Versuchen sie sich in der Zeit des kalten Entzugs mit nix
Medienrelevantem zu beschäftigen: Machen sie statt dessen
Gartenarbeit, Musik, eine Rucksacktour auf gut Glück, betreiben sie
Bienenzüchtung oder auch Yoga oder rauchen sie meinerwegen erstmal
ein paar Joints oder trinken ein paar Gläschen Wein (aber bitte jeweils nur ein paar sonst rutschen sie von der
TV-Sucht in die THC Substitution bzw. Alkhohol-Abhängigkeit, von der dann in erster Linie ihre
lokalen Dealer/ Spirituosenhändler etwas haben, aber nicht sie).
5.
Nach Ende des regulären Urlaubs sofort unbezahlten Urlaub antreten
(mind. 3 Monate) und Kündigung vorbereiten (Falls sie erfolgreicher
Medienschaffender waren, dürfte finanziell ja was hängengeblieben
sein).
6.
GANZ WICHTIG: Zwischen Woche 1 und 12 wird sich wiederholt kalter
Entzug einstellen. Geben Sie dem unter KEINEN UMSTÄNDEN nach, sonst
werden sie sich - wie alle Junkies - ruckzuck vor der Glotze und mitten
im Medienbetrieb wiederfinden (erst recht wenn sie dann doch zuviel
gekifft/ getrunken haben “um die Anspannung zu mildern”).
7.
Nach etwa 6-8 Wochen aufrichtiger Konzentration auf nützliche,
kreative, lebensbejahende Tätigkeiten (nicht Dinge von denen man
während des Konsums auch gleichermaßen selbst konsumiert wird)
sollte sich ein Gefühl der Läuterung, des Erstaunens, der Klarsicht (“Ach, SO
ist das also !!?”) einstellen.
Genießen
sie das ohne dem seltsamen Juckreiz nachzugeben, es unbedingt
(medial) der gesamten Weltöffentlichkeit mitzuteilen zu müssen.
Dazu gehört auch das sogenannte “twittern” von Facebook ganz zu
schweigen. (Vorsicht: Junkies suchen IMMER nach einer Ausrede um doch
wieder…nur ein bisschen…sie wissen schon)
8.
Bleiben sie auch den Rest des Jahres nüchtern. Die seelische
Abhängigkeit wird bleiben, ist leider so.
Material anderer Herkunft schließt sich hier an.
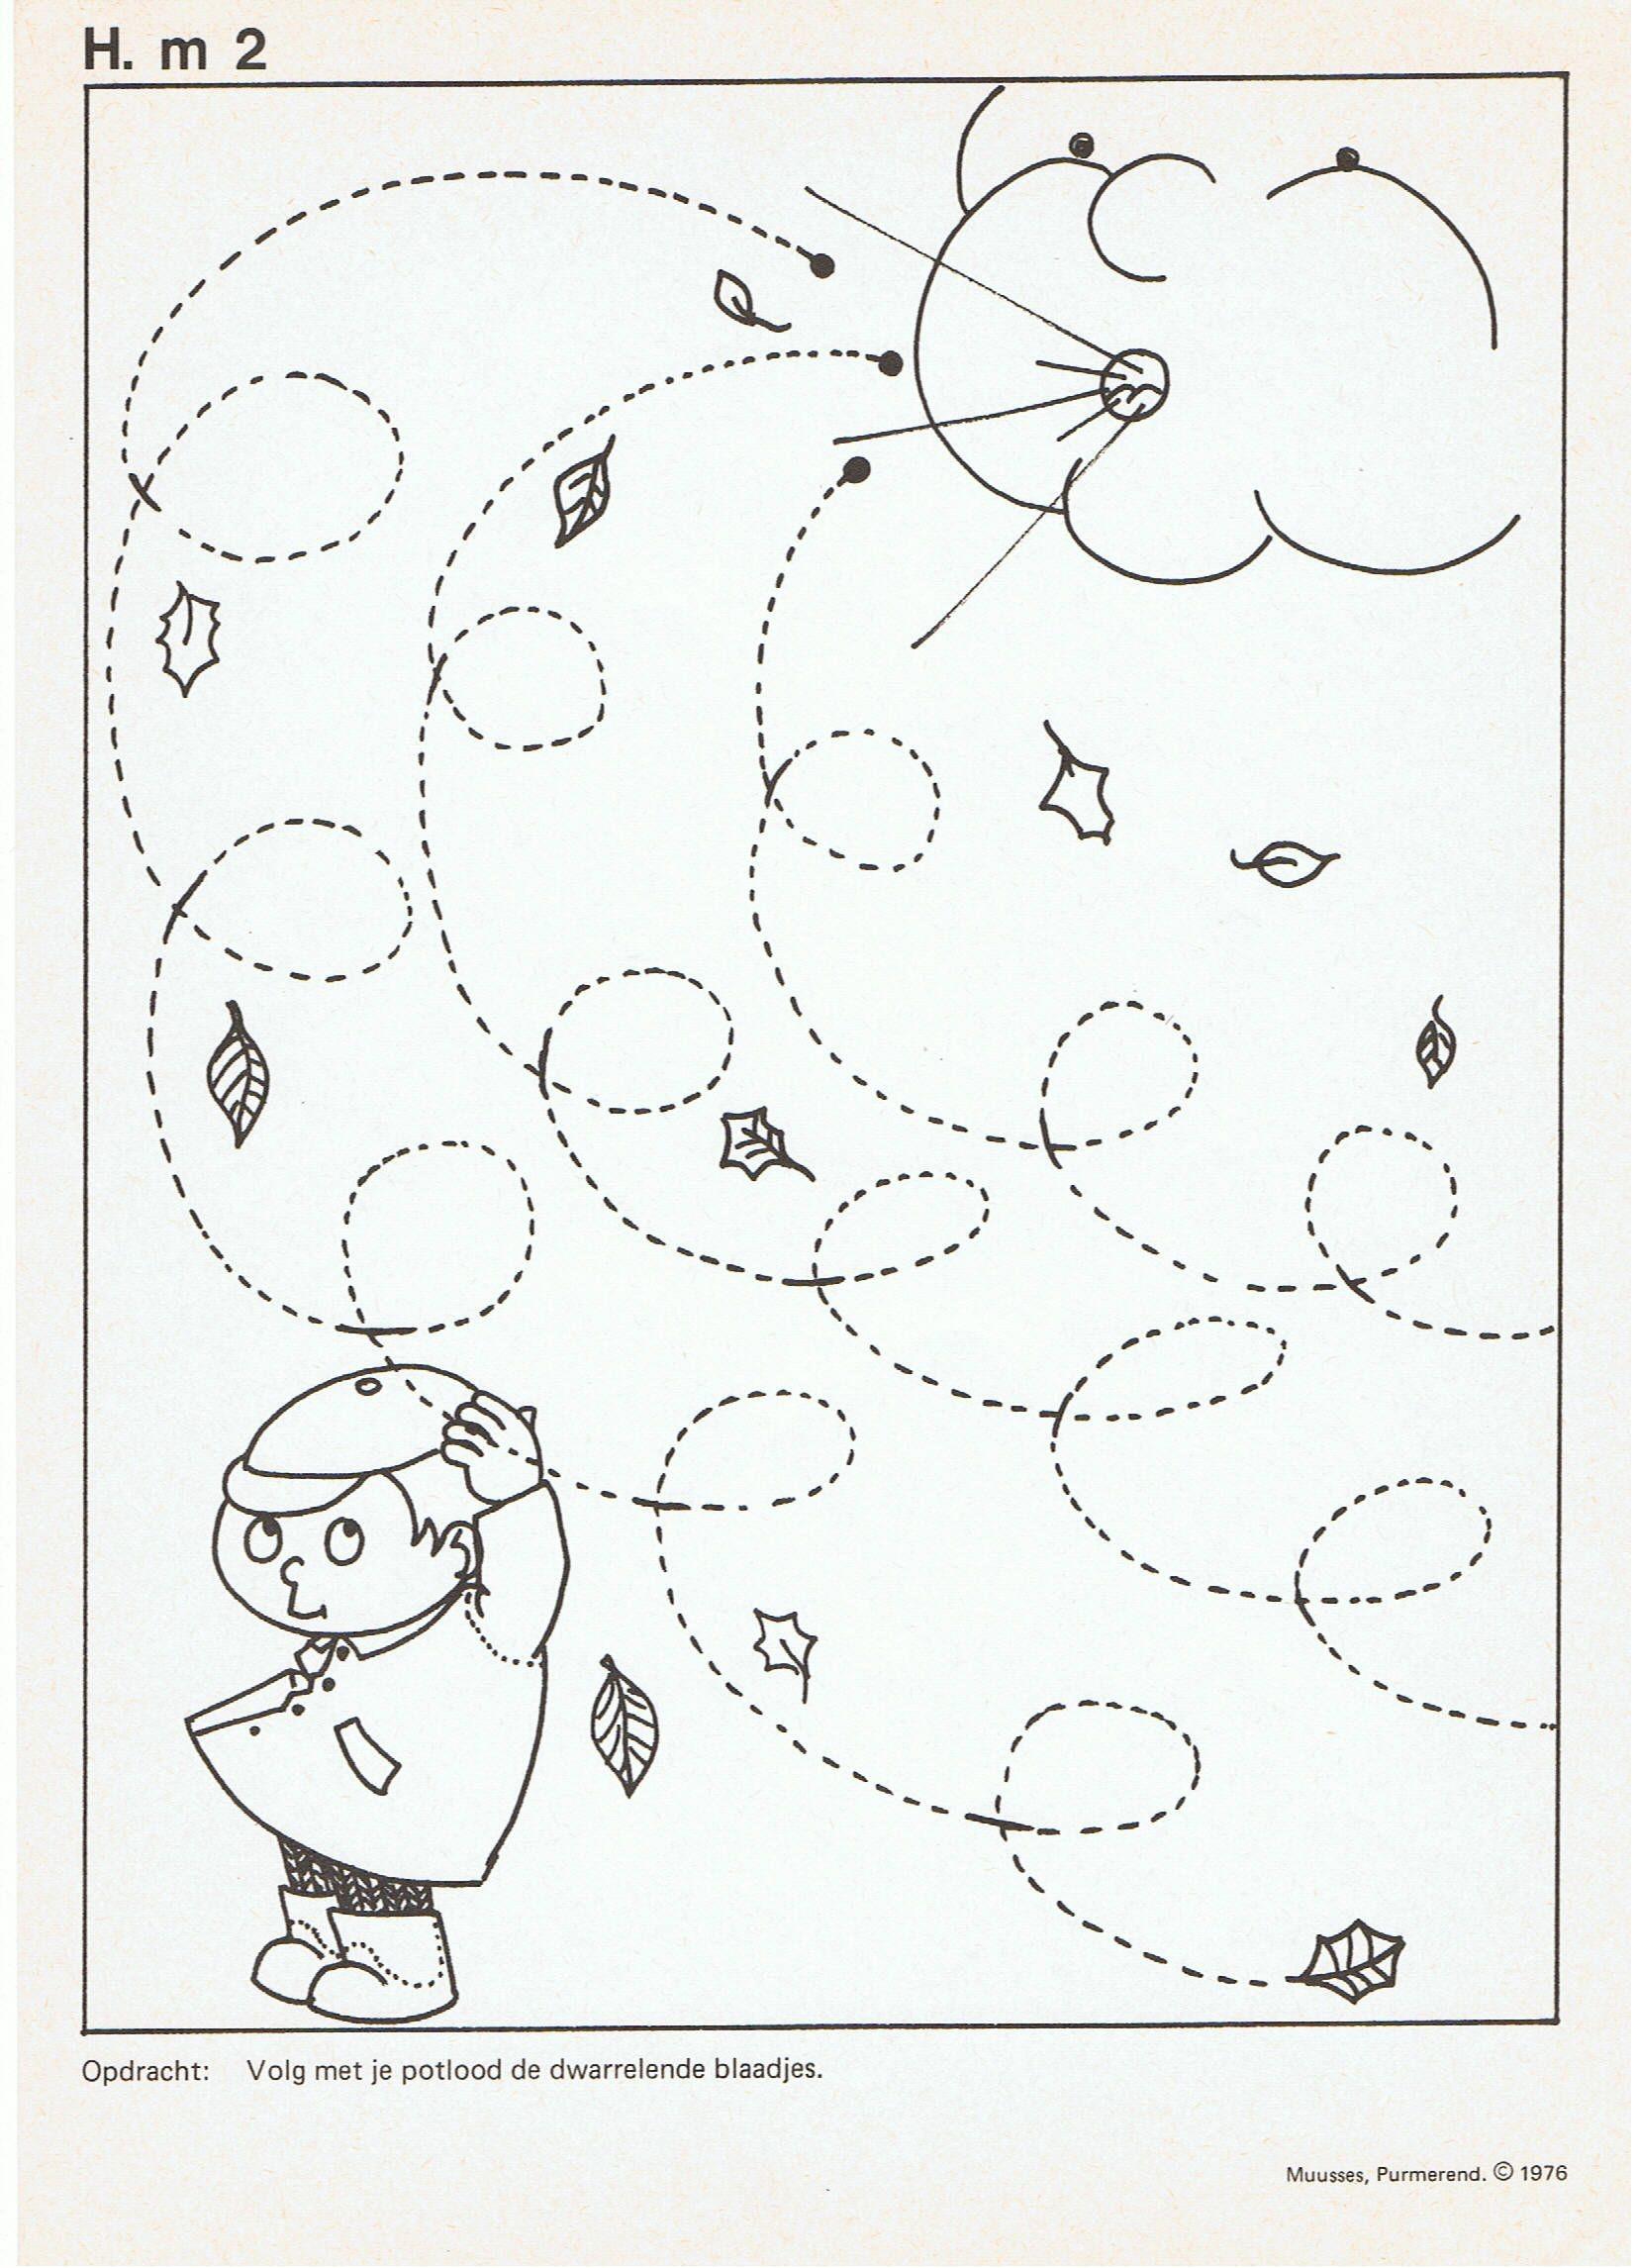 Calendario Infantil 2019 Para Imprimir Y Colorear Más Recientes Pin De Yaneth Gutierrez En Religion Pinterest Of Calendario Infantil 2019 Para Imprimir Y Colorear Recientes Pin De Zuriiana Tisdale Morris En Preescolar Pinterest

Widmen sie sich zwecks
Linderung z.B. ausgestiegenen Kollegen wie Ken FM, Uli Gellermann oder Christoph
Hörstel
9.
Halten sie konsequent durch, wird sich am Ende ihre gewohnte
(medial-konditionierte) Sicht auf die Dinge positiv verändert haben.
Sie werden zweifelsfrei erkennen, dass sie wertvolle Jahre ihres
Lebens an einen Medienapparat verschwendet haben, der entgegen der
steten Beteuerung doch “nur” der Unterhaltung, ja gar der
“Bildung” des äh Bürger-Zuschauers zu dienen, ausschliesslich
sich selbst, dem “The show must go on” dient – eine Erkenntnis, die
sich erst nach gründlicher “Entgiftung” erschliesst.(Ansonsten
würden sich ja ständig Mitarbeiter selbst entlassen oder einem
ständig in hohem Bogen aus dem Fenster geworfene Glotzen um die Ohren fliegen – reductio ad absurdum).
10.
Schauen sie sich einen oder mehrere Ausschnitte des Films “Network”
von Sidney Lumet auf You Tube an, der fälschlicherweise immer als
“Mediensatire” gehandelt wird. Ha! Der Trick zog vielleicht in
den Siebzigern…(“Holzauge sei wachsam”). Aber tun sie das bitte
erst wenn sie erfolgreich entgiftet haben (siehe Punkt 6).
Desweiteren
werden sie feststellen, dass es zwar viele Meckerer gibt (“Keine
Ahnung, aber zu allem ‘ne Meinung”) die aus Prinzip unken wenn
sie beispielsweise Einheits-Solidaritäts-Rundfunkbeiträge (oder wie
das heißt) freiwillig zu zahlen haben. Doch werden sie plötzlich
auch auf viele ernüchterte und geläuterte Kritiker & Zweifler
treffen, die ihre Freiheit, Mündigkeit und Selbstverantwortung prinzipiell nicht an geisterhaft weiterrollende Medienmaschinerien
(bzw. “Systeme” aller Art) abtreten wollen, sondern sich lieber
auf ein gesundes Zusammenspiel von Kopf, Bauch und Herz im Umgang mit
ihren Mitmenschen verlassen und ihren eigenen Weg zu gehen wünschen.
Ein
Wort noch zum Internet: Es gibt einen Haufen User die verächtlich
auf TV-Glotzer herabsehen, die sich passiv vom Weißen Rauschen
hinter den bunten Bildern bestrahlen lassen, weil das WWW im
Gegensatz dazu ja so schön “interaktiv” ist und man selber
auswählen kann, mit was man sich die Synapsen weichkochen möchte.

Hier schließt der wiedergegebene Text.